Kontroversi AI dalam Penipuan Online dan Keamanan Siber
Kontroversi AI dalam Penipuan Online dan Keamanan Siber. Penipuan online yang dapat menguras rekening korban semakin merajalela dan berkembang seiring dengan kemajuan teknologi yang semakin canggih. Modus penipuan pun beragam, memanfaatkan kerentanan dan ketidaktahuan korban. Di tengah maraknya penipuan online, kehadiran kecerdasan buatan atau AI memunculkan kontroversi terkait isu keamanan siber.
Dalam banyak kasus, kecerdasan buatan diyakini memiliki dampak negatif yang memudahkan penipuan siber. Namun, di sisi lain, AI juga dianggap sebagai solusi untuk memberantas penipuan online.
Sundar Pichai, CEO Google, menyatakan bahwa kemajuan pesat dalam bidang AI dapat membantu memperkuat pertahanan terhadap ancaman keamanan di dunia maya. Pichai melontarkan pandangannya ini kepada para delegasi di Konferensi Keamanan Munich, dengan mengutip bahwa meskipun ada kekhawatiran terhadap dampak AI terhadap keamanan siber, pada akhirnya AI dapat memperkuat pertahanan kita.
Ancaman keamanan siber semakin meningkat baik dari segi volume maupun kecanggihannya seiring dengan semakin banyaknya pelaku kejahatan yang menggunakan teknologi untuk memeras korban. Laporan dari Cybersecurity Ventures menunjukkan bahwa serangan siber merugikan perekonomian global hingga US$8 triliun pada tahun 2023, dan diperkirakan akan meningkat menjadi US$10,5 triliun pada tahun 2025.

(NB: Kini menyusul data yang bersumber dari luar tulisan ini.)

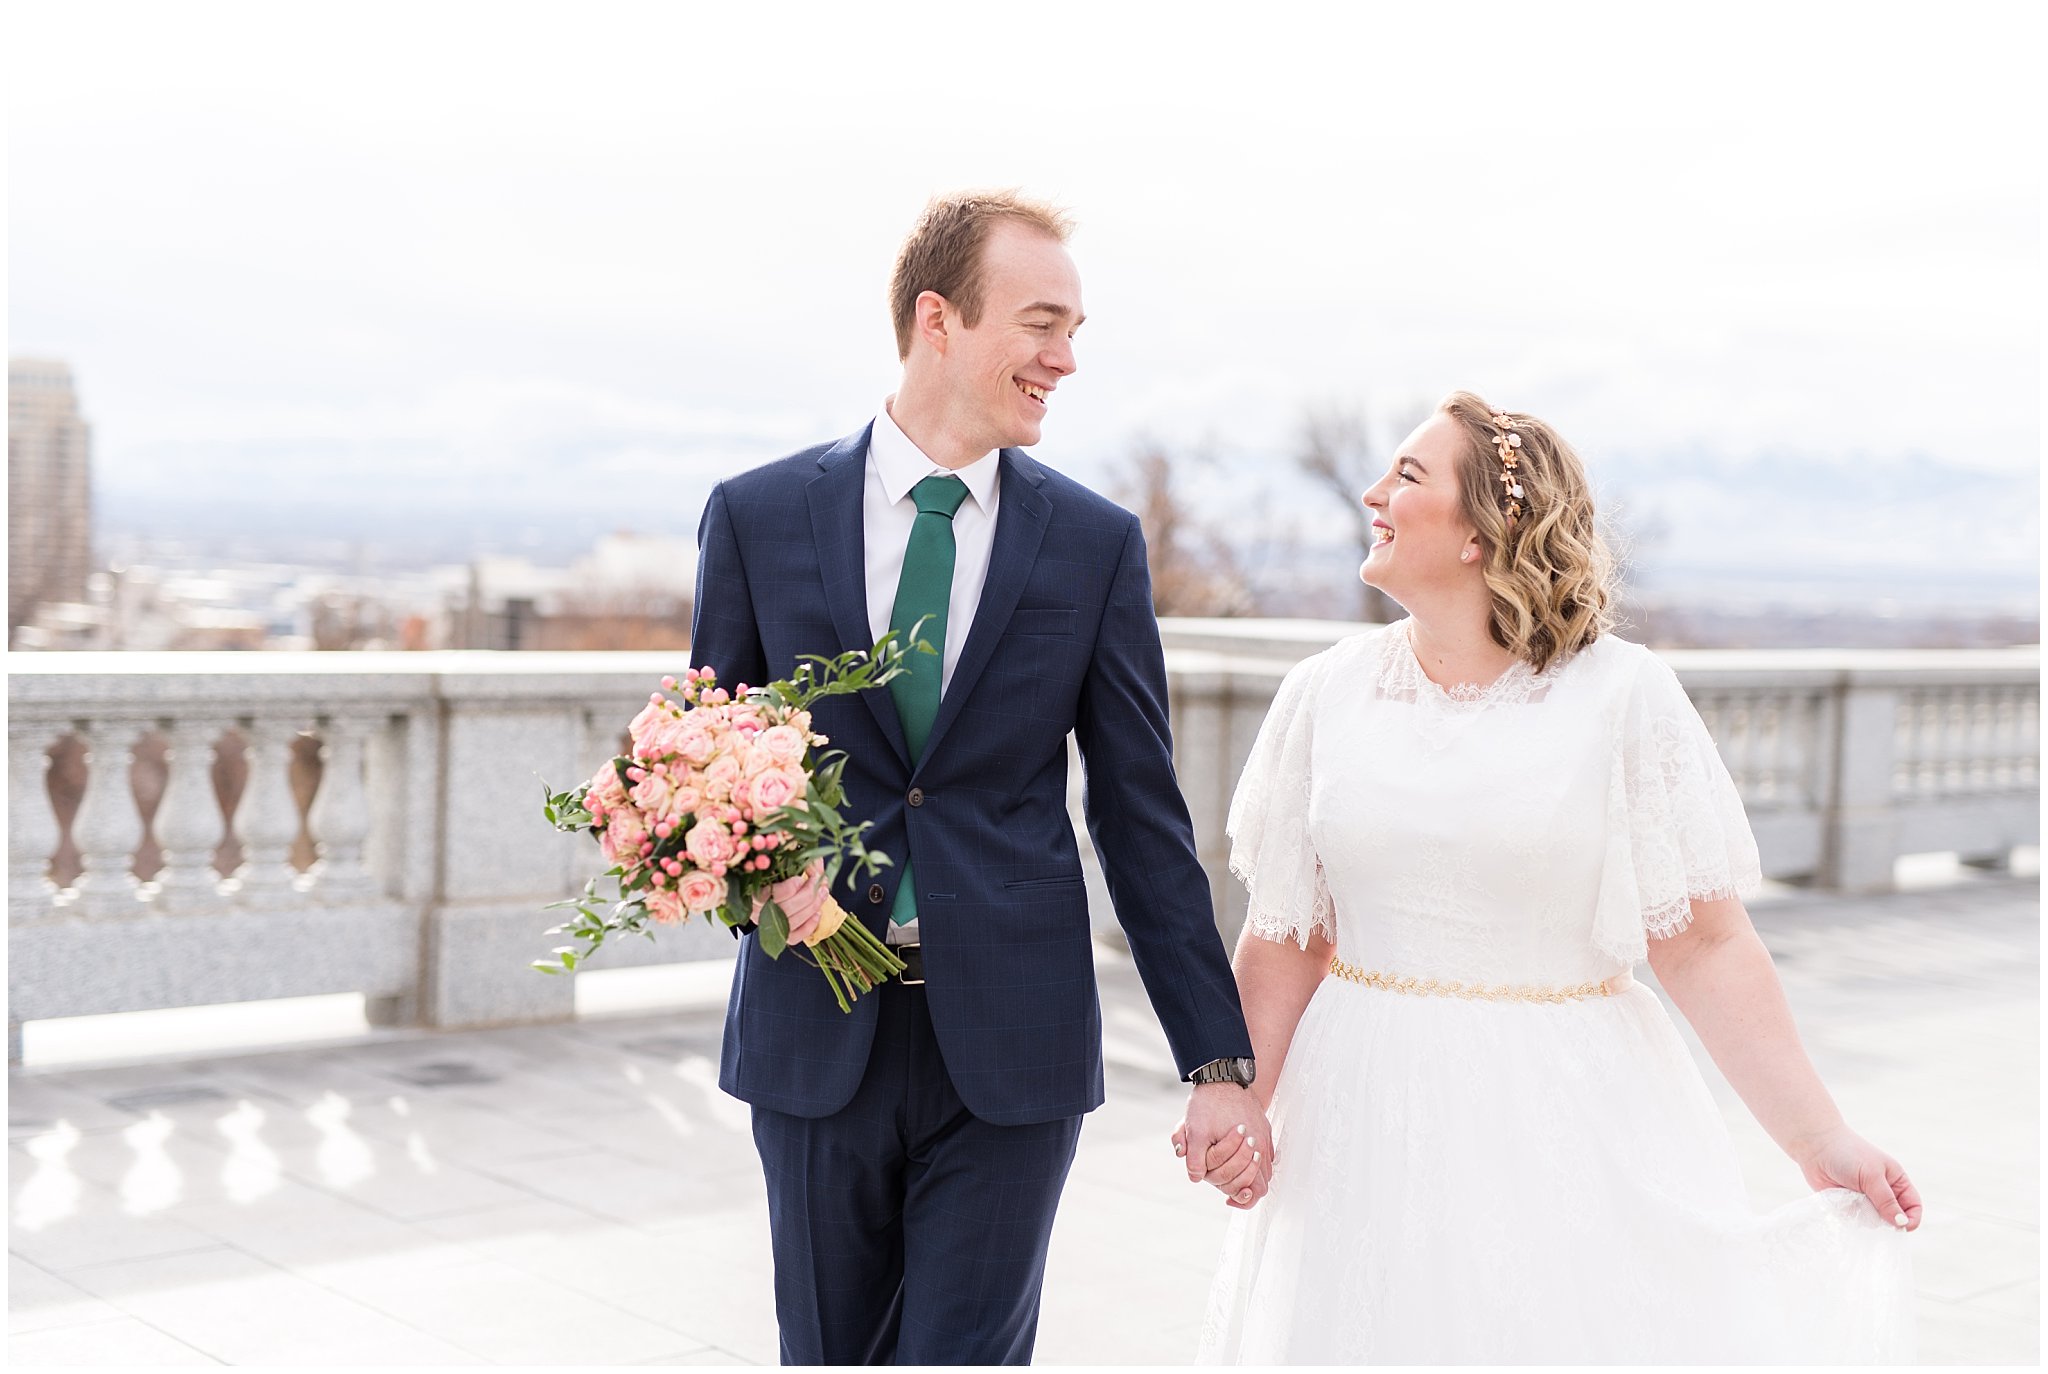 Bride and groom walking and groom holding bouquet | Winter Formals at the Utah State Capitol | Utah Wedding Photography

Namun, laporan dari Pusat Keamanan Siber Nasional Inggris mengemukakan pandangan yang berbeda, menyatakan bahwa AI akan meningkatkan ancaman siber dengan menurunkan hambatan masuk bagi peretas dan memungkinkan lebih banyak aktivitas siber berbahaya, termasuk serangan ransomware.
Google baru-baru ini mengumumkan inisiatif baru yang menawarkan alat AI dan investasi infrastruktur untuk meningkatkan keamanan online. Salah satu inisiatif tersebut adalah Magika, alat sumber terbuka gratis yang bertujuan untuk membantu pengguna mendeteksi malware. Alat ini telah diimplementasikan dalam produk Google seperti Google Chrome dan Gmail, serta sistem internal perusahaan.
Dengan perkembangan ini, tampaknya AI memiliki peran yang beragam dalam keamanan siber. Meskipun AI bisa menjadi senjata ganda, dapat digunakan baik untuk melindungi maupun menyerang, upaya terus dilakukan untuk memanfaatkannya secara positif dalam memerangi penipuan online dan ancaman keamanan siber secara umum. Kolaborasi antara lembaga keamanan, perusahaan teknologi, dan pemerintah sangat penting untuk mengembangkan pendekatan yang efektif dalam menghadapi tantangan ini.